§ SUPPLIED DATA:
· · · · · · ·

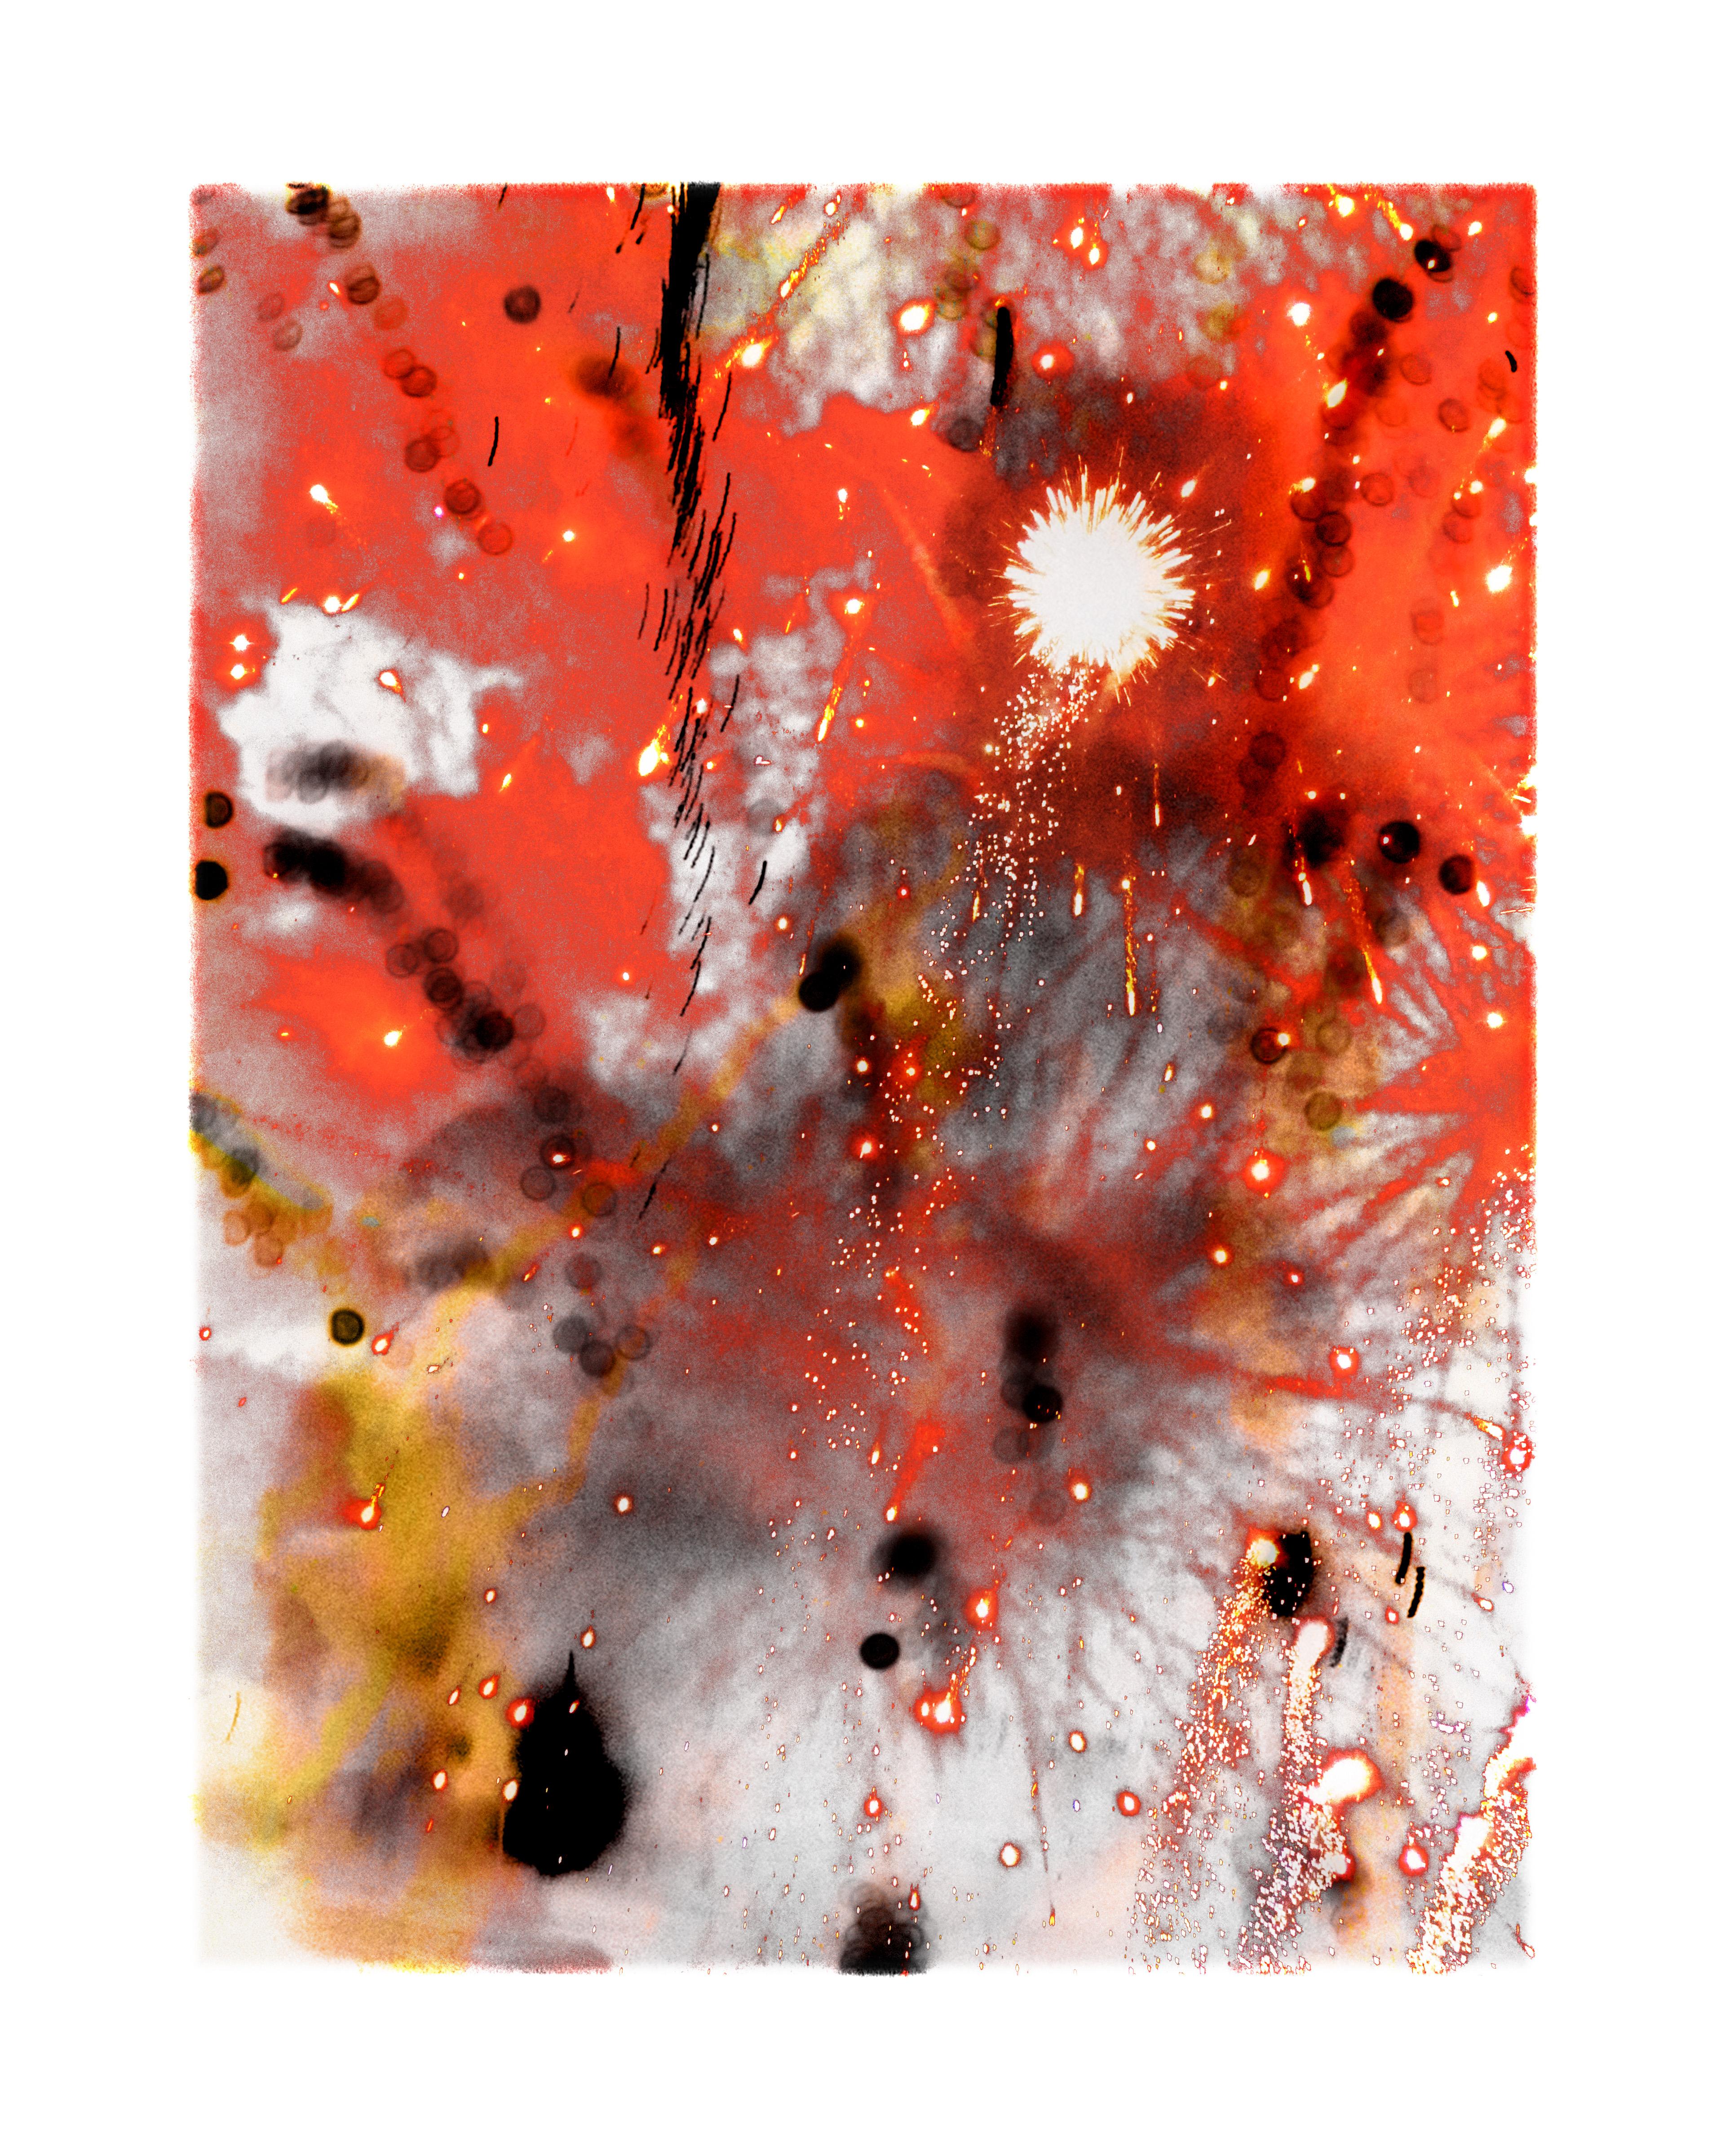 "Explosure, #03" by Tom & Lois White is available as a hand-signed and numbered archival pigment print on heavyweight cold press cotton rag paper in the following editions: 
40x52in; edition of 3
26x36in; edition of 12

*Custom framing options

· · · · · · ·

Leave out the pictures and give the rest of the material again, unaltered.

§ TASK OUTPUT:
 "Explosure, #03" by Tom & Lois White is available as a hand-signed and numbered archival pigment print on heavyweight cold press cotton rag paper in the following editions: 
40x52in; edition of 3
26x36in; edition of 12

*Custom framing options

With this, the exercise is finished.